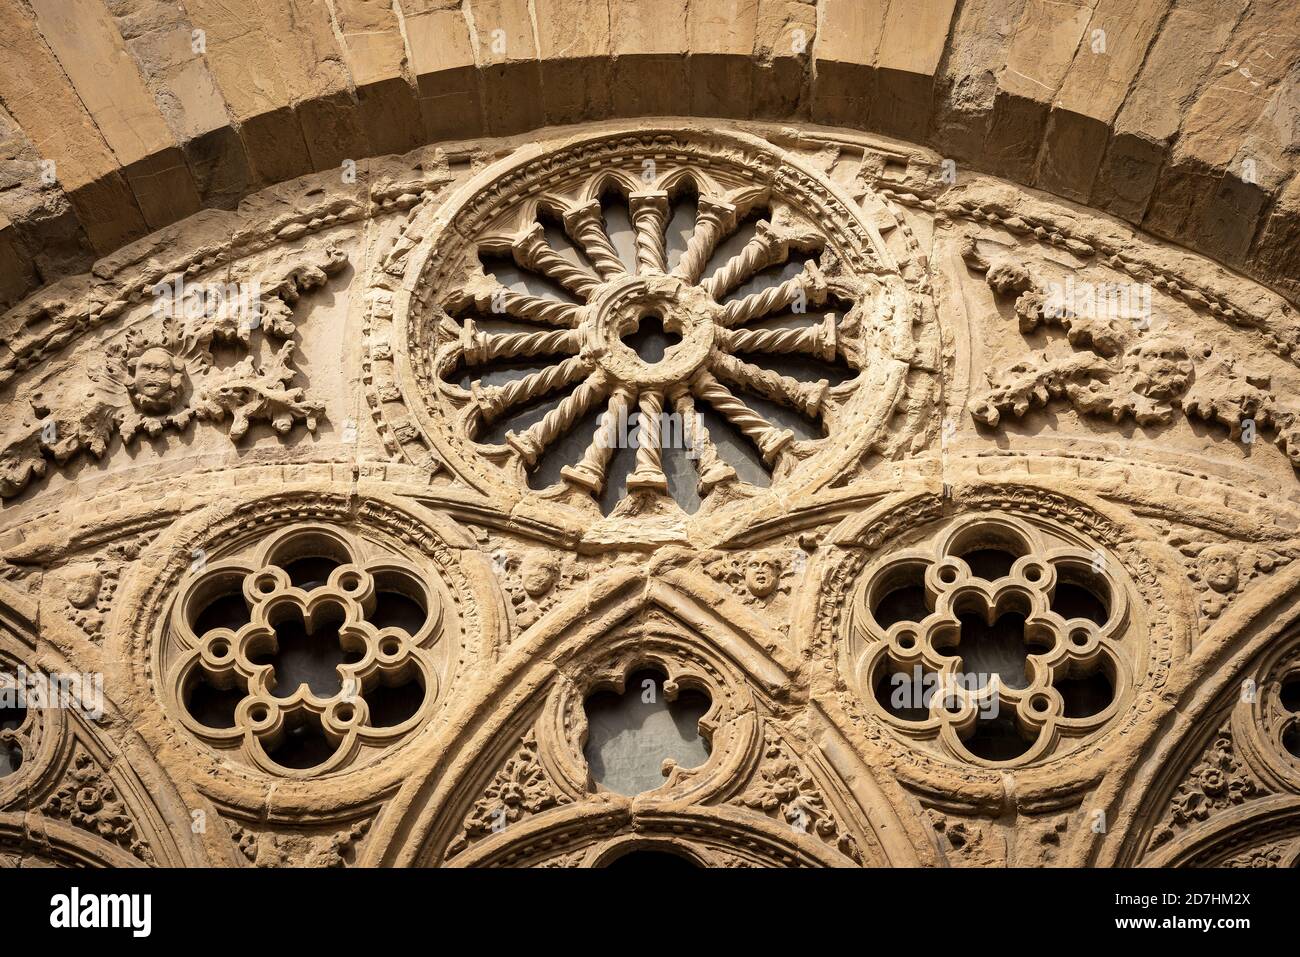 Détail architectural de l'église d'Orsanmichele de style gothique (1337-1380) dans le centre-ville de Florence. Toscane, Italie, Europe. Banque D'Images
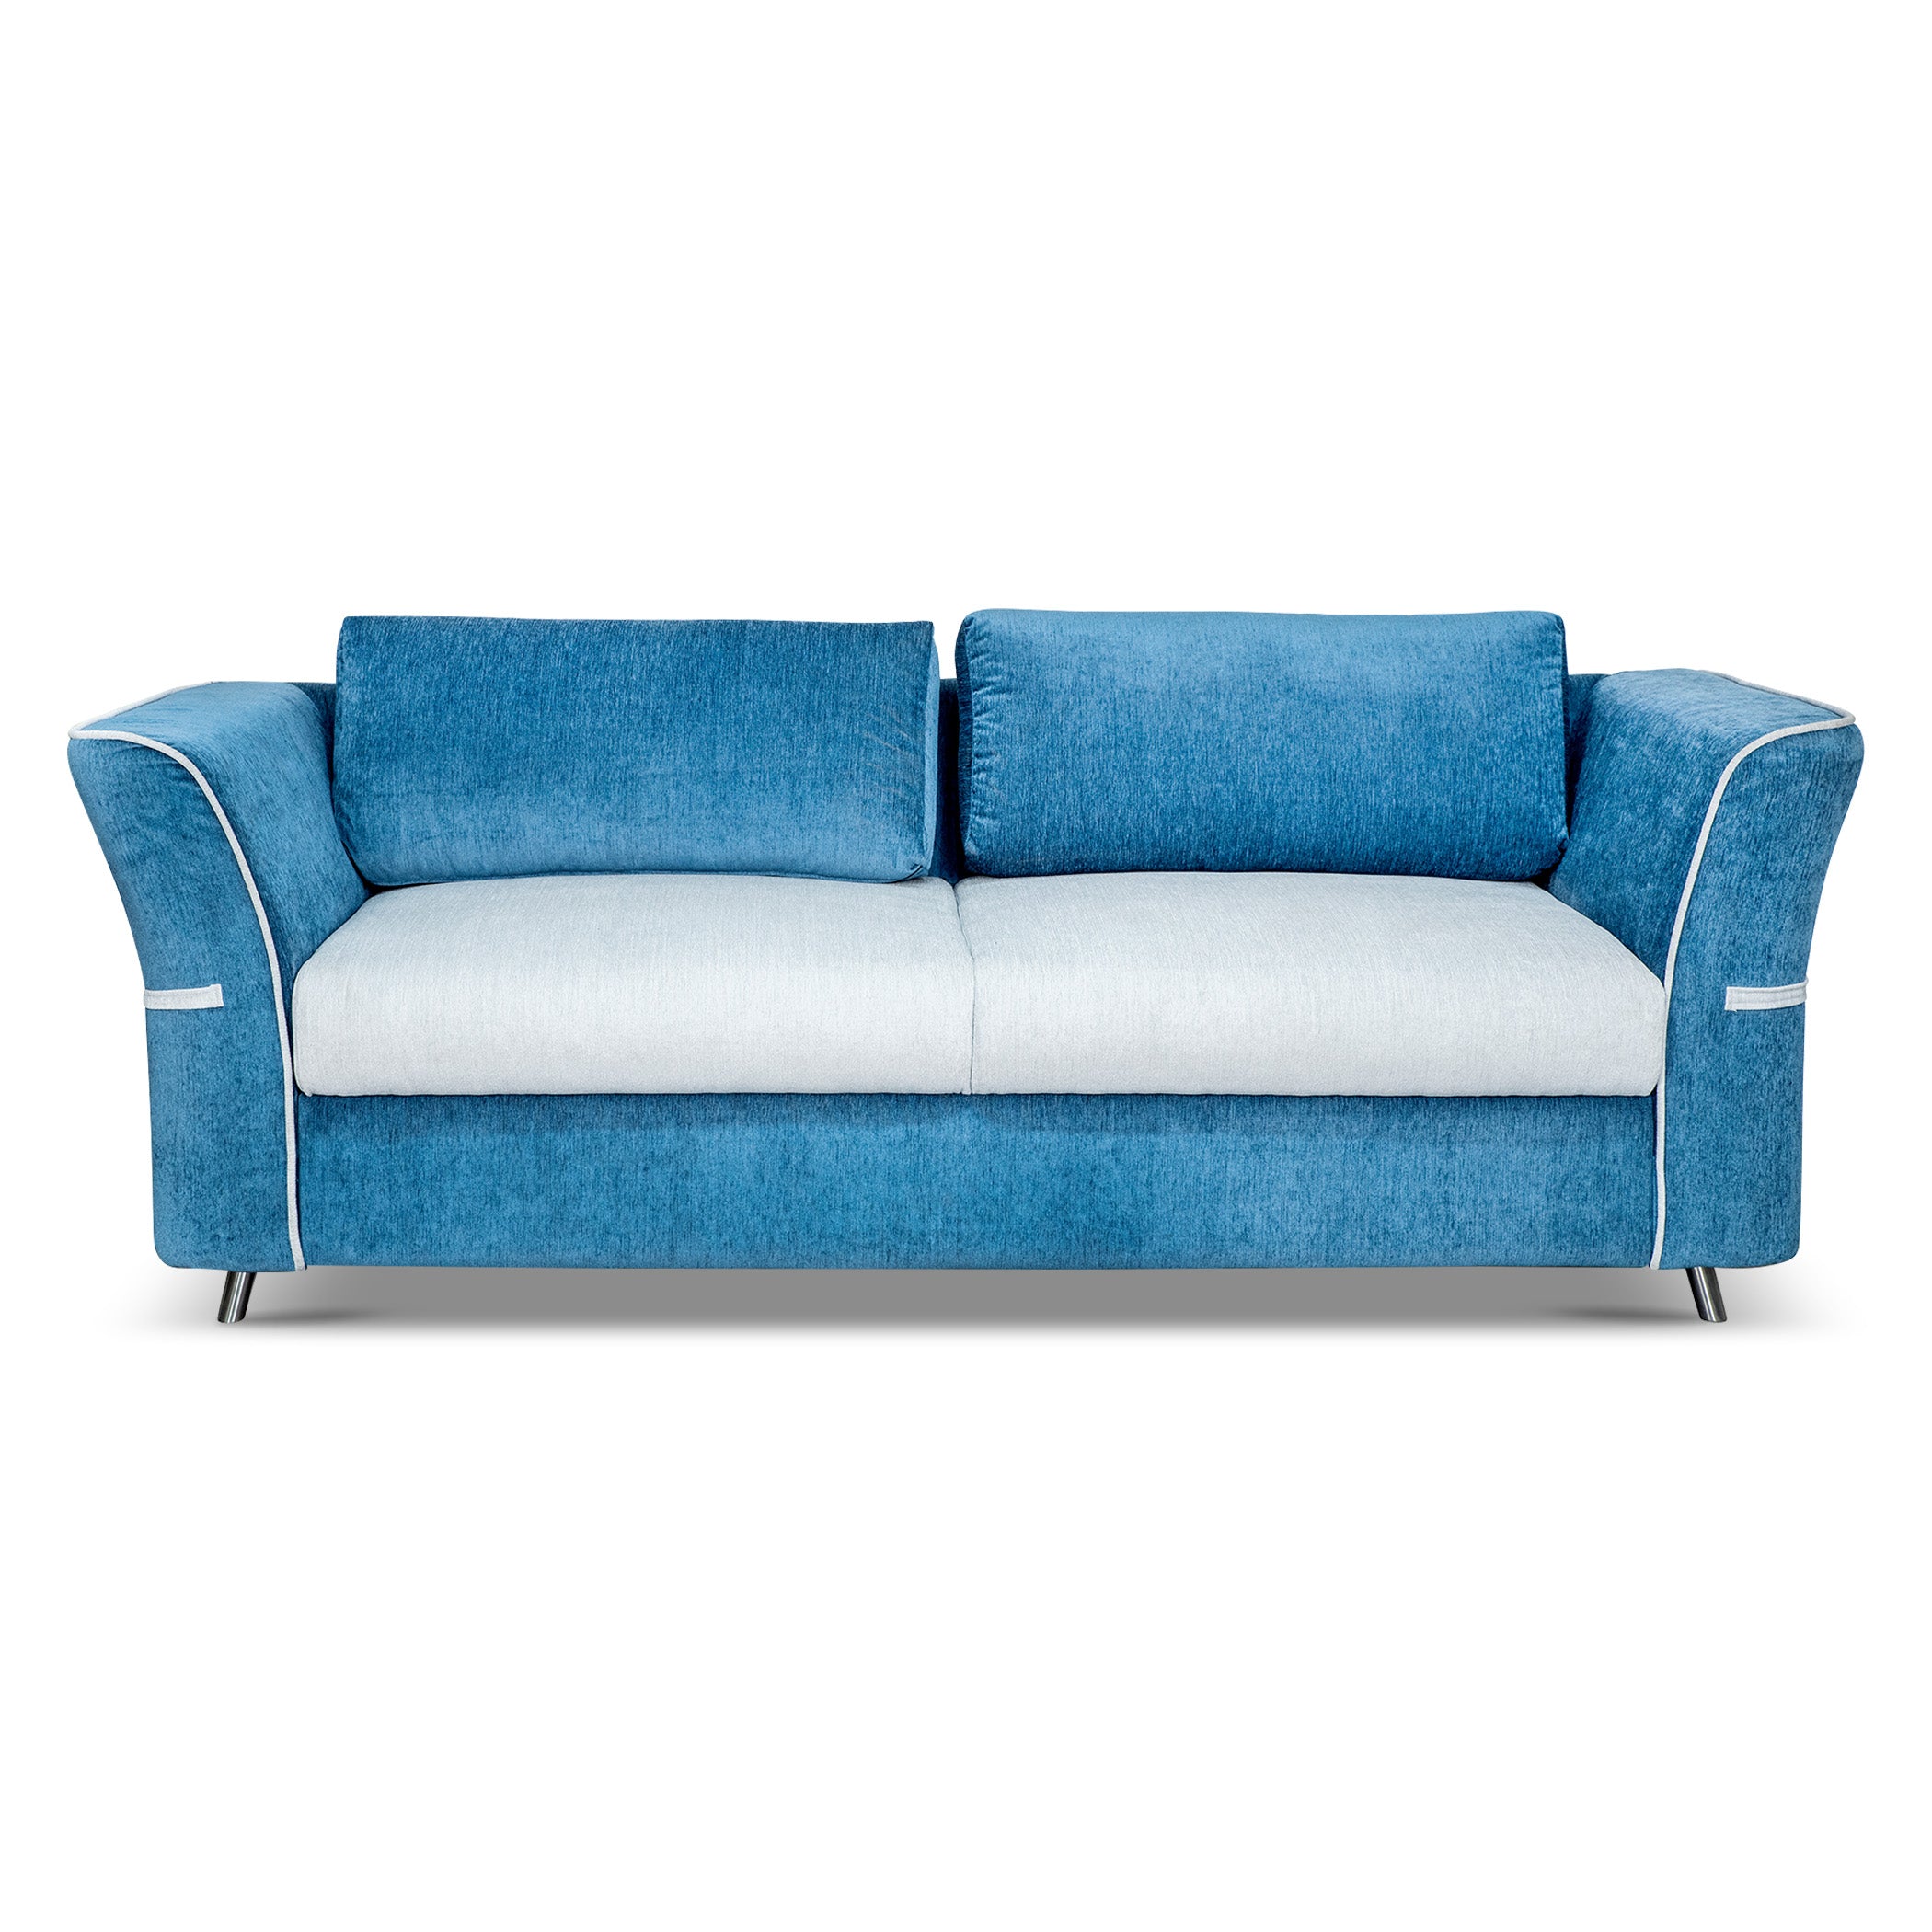 NewYork BlueTorquoise 3S Sofa by Zorin Zorin
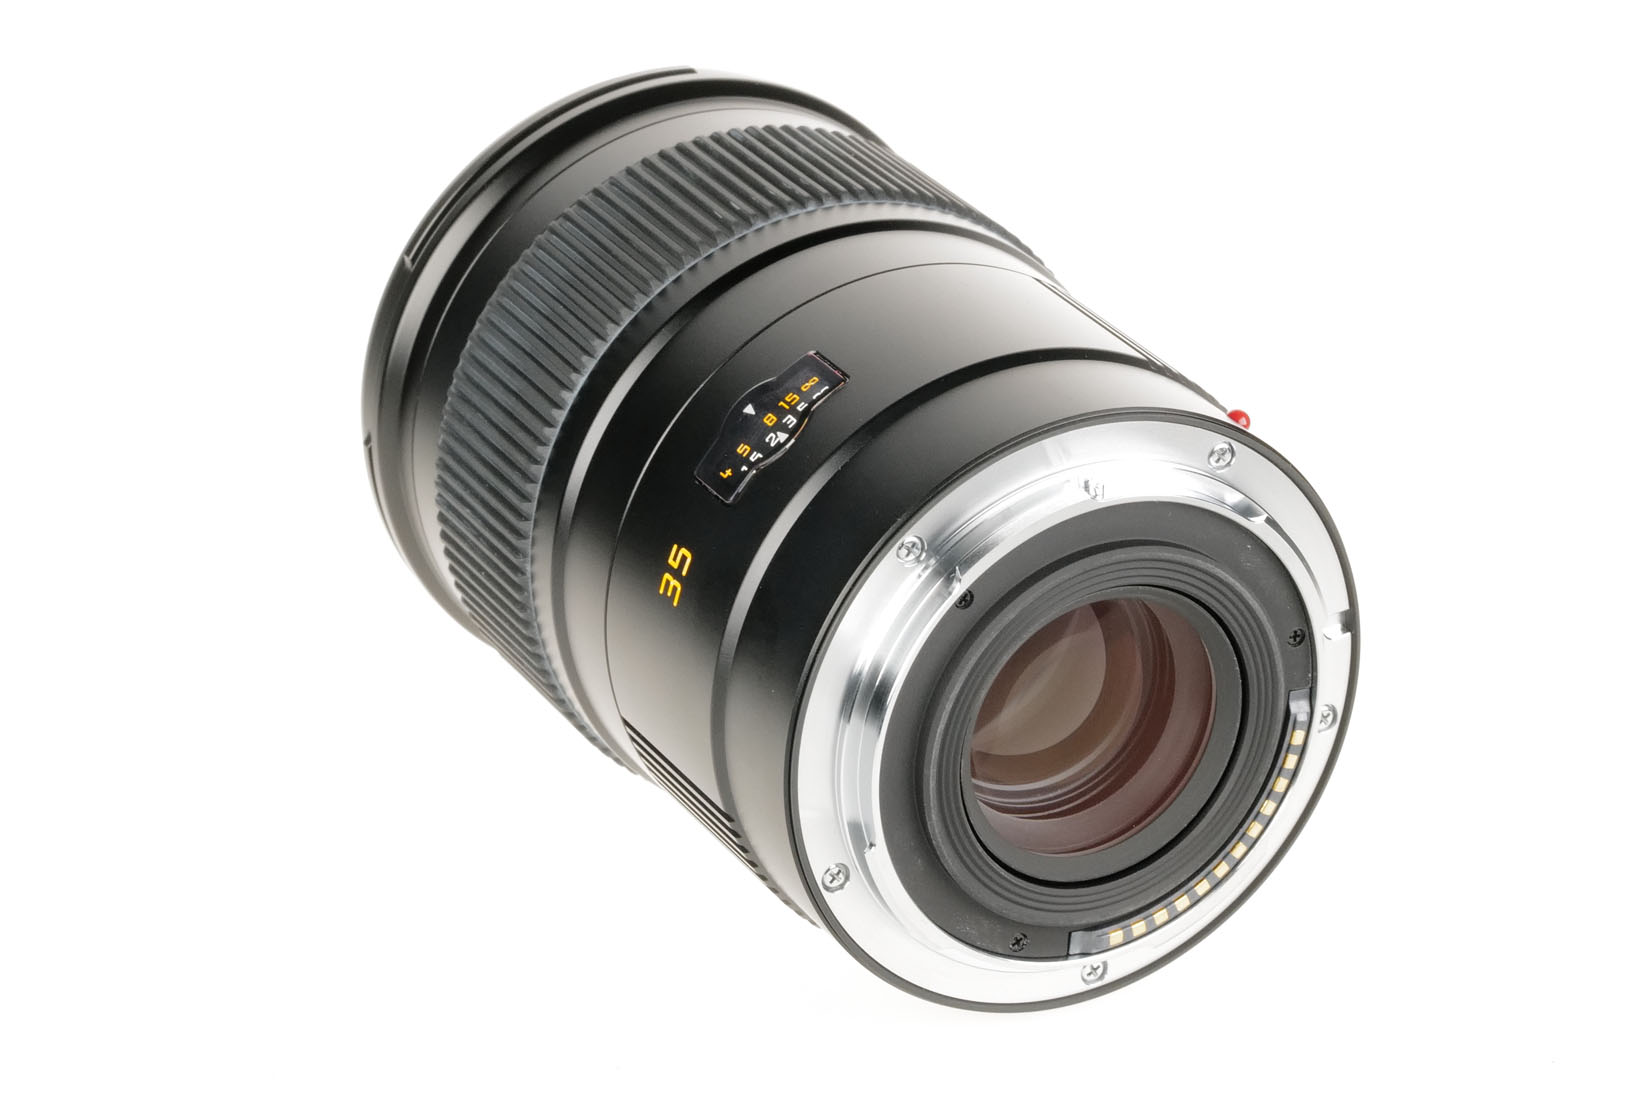 Leica SUMMARIT-S 1:2.5/35mm ASPH. 11064

WORK ITEM: Return the material above verbatim. Pictures are to be excluded.

TASK RESPONSE:
 Détail architectural de l'église d'Orsanmichele de style gothique (1337-1380) dans le centre-ville de Florence. Toscane, Italie, Europe. Banque D'Images
 NewYork BlueTorquoise 3S Sofa by Zorin Zorin
 Leica SUMMARIT-S 1:2.5/35mm ASPH. 11064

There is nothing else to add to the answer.